To write a document to a MAT JSON document file, convert your document object to the appropriate data structures in your programming language, render the structure to JSON, and write the string to a file, using the UTF-8 character encoding. To read a document, read the contents of the file using the UTF-8 character encoding, decode the string into the matching data structures in your programming language, and convert those data structures into your document object.

The character encoding of a MAT JSON document is always UTF-8.

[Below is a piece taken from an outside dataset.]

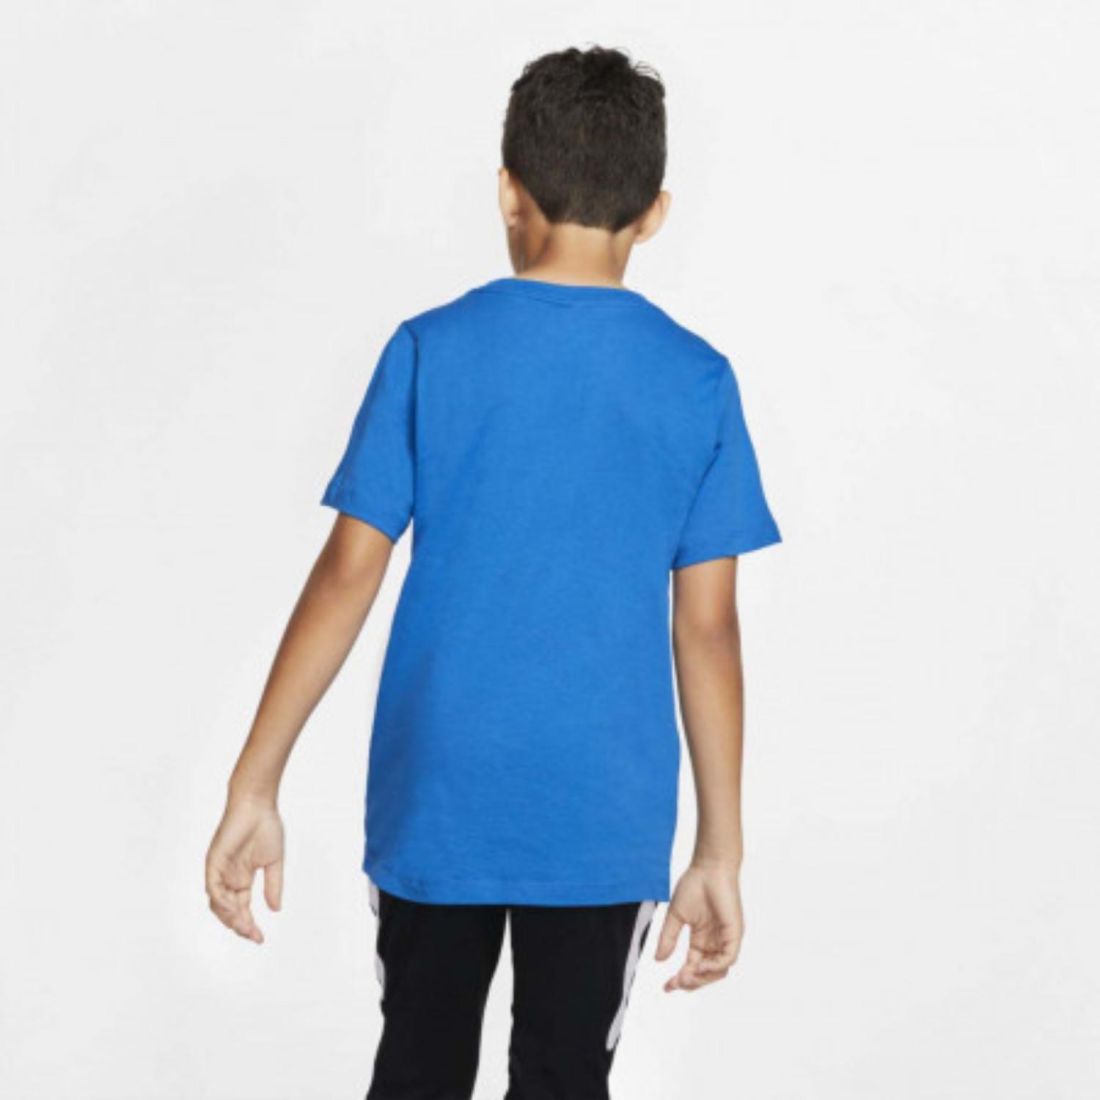 Стильная детская футболка Nike Inter Milan

It's important to remember, always, what the index offsets in the annotations represent: they are character offsets, independent of the particular character encoding. (If you don't understand the distinction, we recommend you read Joel Spolsky's Unicode primer.) We've chosen UTF-8 as our encoding for MAT JSON documents because it is flexible enough to encode all Unicode characters with good efficiency, and it's a proper superset of ASCII. So if an annotation covers the span from index 7 to index 22, as the first annotation does in our example above, this means "from the 7th character of the document (where 0 is the first) to the 21st character of the document (where 0 is the first)". It does not mean "from the 7th byte of the document to the 21st byte of the document".

This can lead to tremendous confusion in counting offsets, depending on how your programming language treats Unicode strings. For instance, Javascript has UTF-16 strings, which means that each Unicode character takes up exactly 2 bytes, and it just so happens that the 2-byte numeric value is the same as the Unicode code point for that character. For characters whose Unicode code point is greater than 65536 (that is, larger than can be represented in 2 bytes), UTF-16 has a system of what they call "surrogates", which are pairs of 2-byte sequences reserved for representing these larger code points. So in some cases, a Unicode character takes up 2 bytes in UTF-16, and in other cases, it takes up 4 bytes. Now, this case is extremely unusual; all the characters in all the living human languages are in the 2-byte space, but the Unicode code point space is 32 bits, so there are quite a number of rare characters (e.g., music notation, dead languages) which appear as these "surrogate pairs".

The reason this is relevant to programmers is that these surrogate pairs count as length 2 in Javascript; that is, the String.length attribute counts UTF-16 elements. Java is similar, except that it has a separate set of APIs for counting Unicode characters (e.g., charAt() vs. codePointAt() in Java 1.5).

None of the document object libraries included with MAT (Python, Javascript, Java) currently treat these characters above the 2-byte space correctly.